··· Records provided
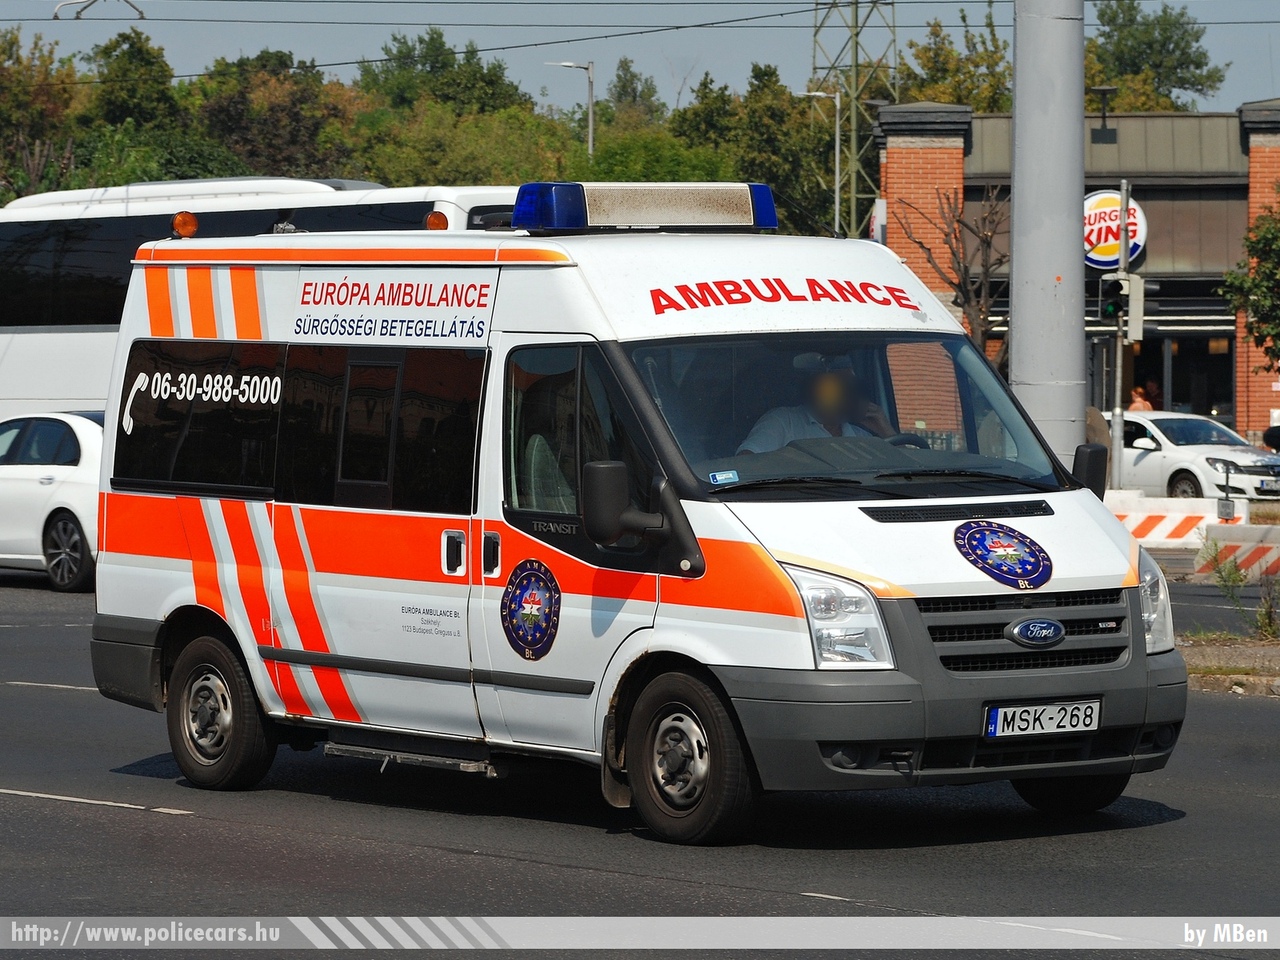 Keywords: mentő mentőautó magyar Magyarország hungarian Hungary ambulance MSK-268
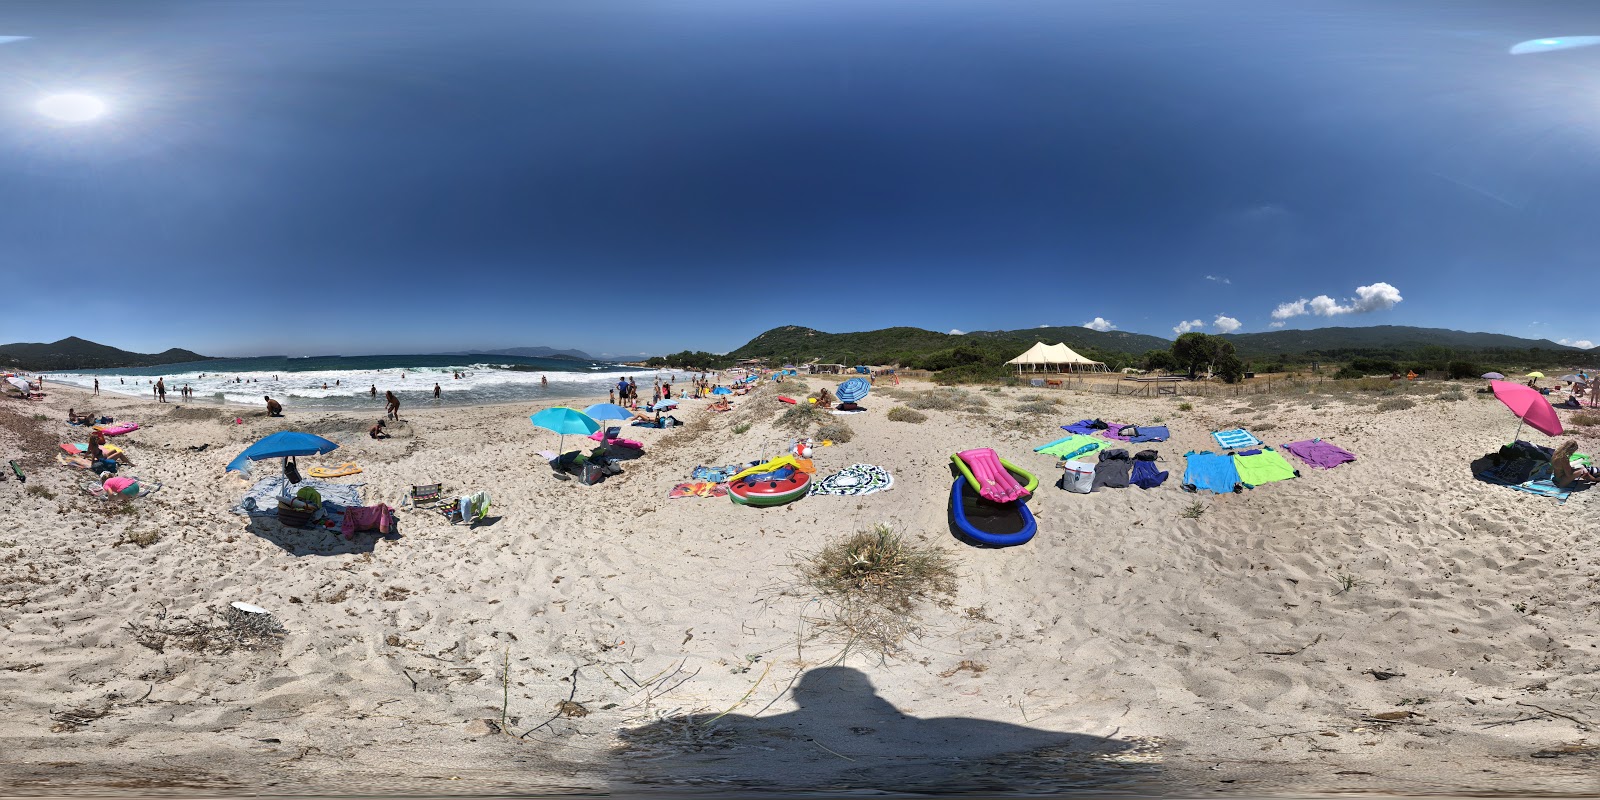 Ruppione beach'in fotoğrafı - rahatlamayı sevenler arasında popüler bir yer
······
··· Records provided
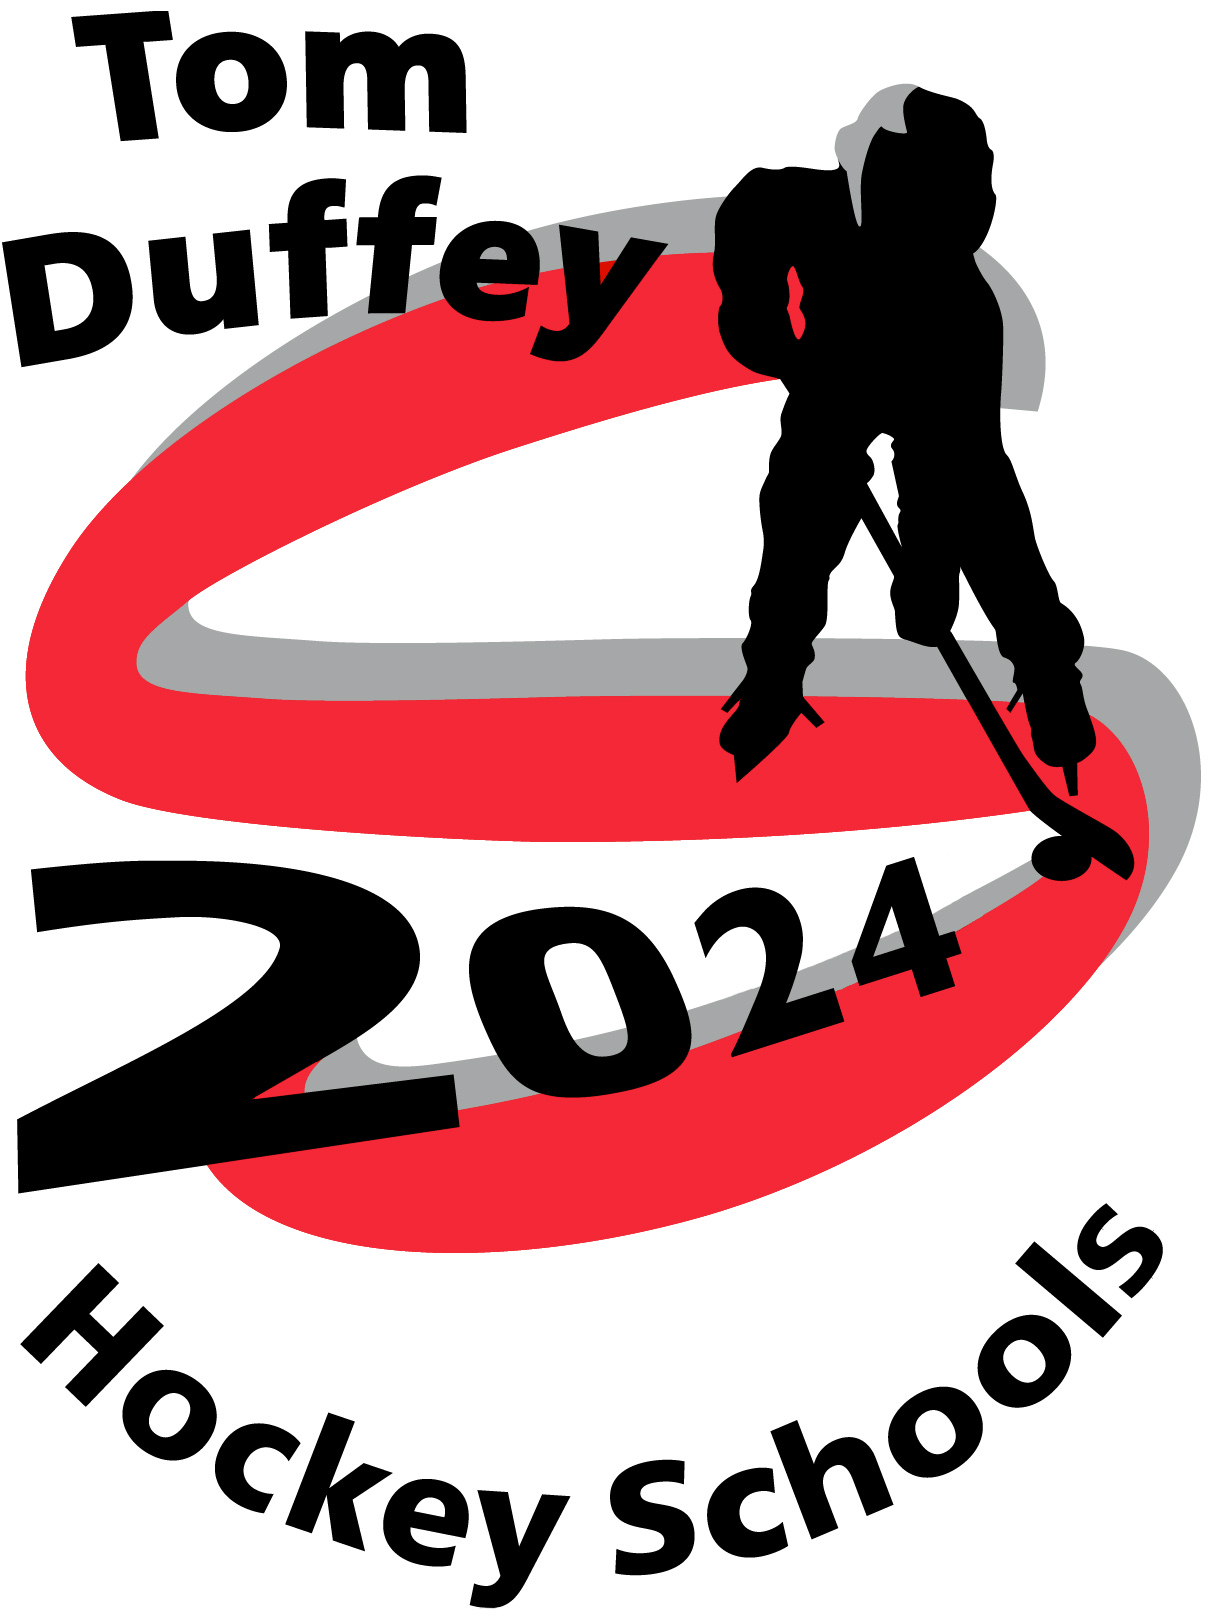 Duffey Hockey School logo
······
··· Records provided
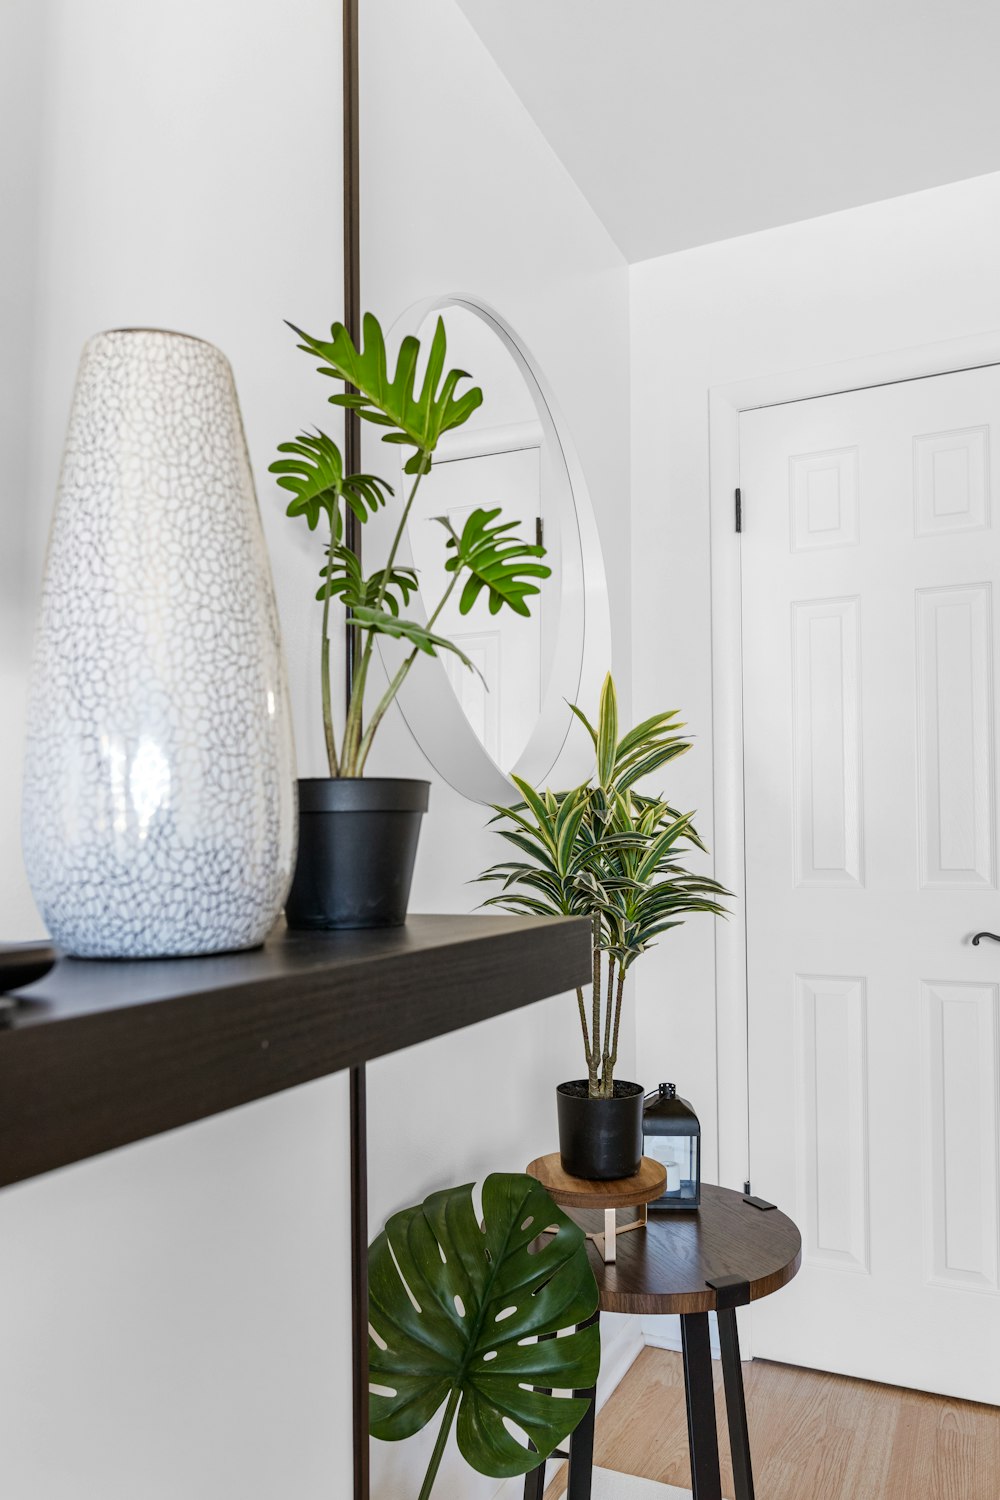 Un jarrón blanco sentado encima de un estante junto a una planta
······
— What needs to be done —
Of all the material above, only the lines from the one that has "Keywords: mentő mentőautó" down to the one that has "Ruppione beach'in fotoğrafı" are to be written out, exactly and with both ends included. Pictures are skipped.

— Solution to the exercise —
 Keywords: mentő mentőautó magyar Magyarország hungarian Hungary ambulance MSK-268
 Ruppione beach'in fotoğrafı - rahatlamayı sevenler arasında popüler bir yer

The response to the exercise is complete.